So-called “tests” on sexual orientation can be fun if you know yourself well and what to have a good laugh. However, such tests usually promote false views on sexual orientations, in particular when it comes to being bi.
A bi activist recently posted her results of the sexual orientation test of IDRlabs.com. I’m fully aware that such tests have to be seen rather critical but this one really took the biscuit. All questions, really all of them, referred to the past two weeks only.
If I answered the test honestly for how I felt during these past two weeks this would be the result:
Answering the same question for the first years of the 8-year same-sex partnership with my ex-husband, the result looks like this:
And looking at my whole life these are the results:
Looking back at twenty years of being openly bi – and another decade or so of being aware that I’m not heterosexual or of thinking I were gay – it’s a nice look back on my own past. And it’s kind of funny as it shows how little such tests actually say about a person.

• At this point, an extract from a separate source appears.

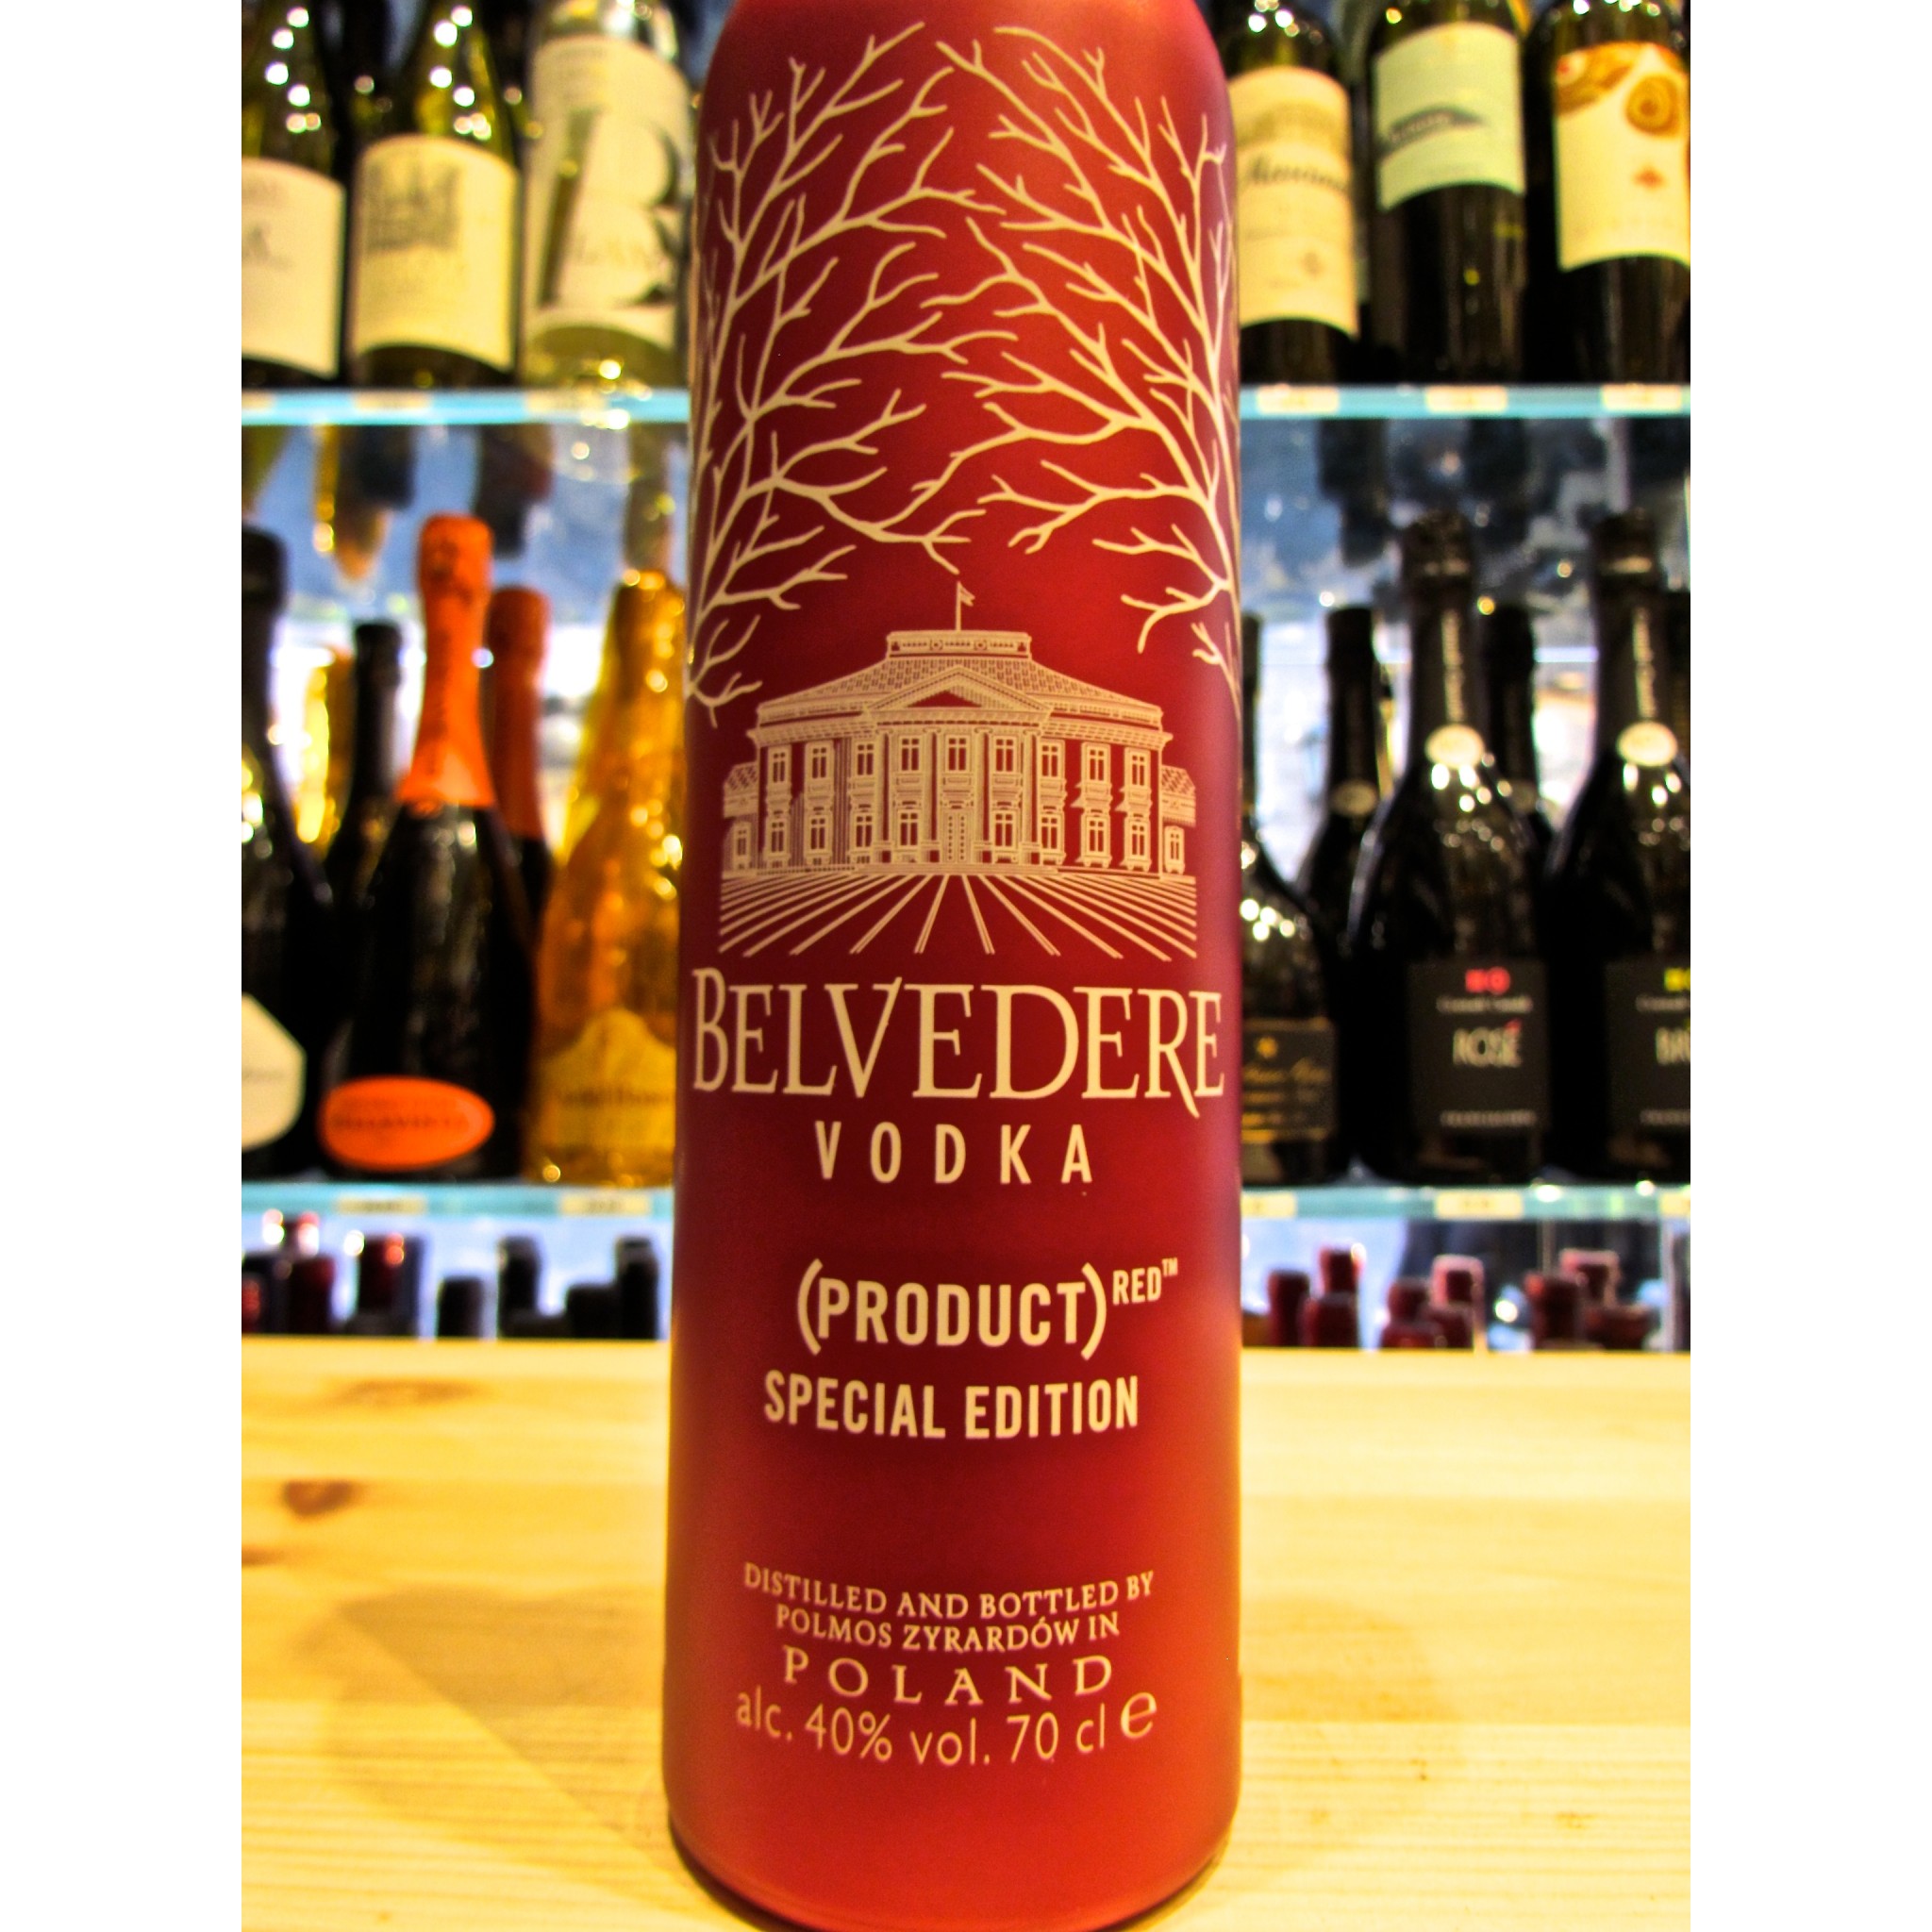 Belvedere (Red) Special Edition Vodka – mPower Test

But I also see a problematic aspect in this test: if someone who’s not sure about their own sexual orientation stumbles over this it can at least be confusing. If someone who’s currently experiencing a change in their preferences takes this test, it may imply that all previous experiences were invalid.
That’s exactly the point I criticise most about it: it doesn’t take the fact into account that sexual preferences, phantasies, actions, etc. may vary over time – without having to change your sexual orientation label.
And it’s all been in Robyn Ochs’ definition of bisexualtity for quite a while:
“I call myself bisexual because I acknowledge that I have in myself the potential to be attracted – romantically and/or sexually – to people of more than one gender, not necessarily at the same time, not necessarily in the same way, and not necessarily to the same degree.”https://robynochs.com/bisexual/
Putting my criticism aside, I like the effect this test had on me: taking a look back for a moment – and discovering once again that Robyn’s definition still it the best I’ve found up to now. And that it still fits me and I feel comfortable with it.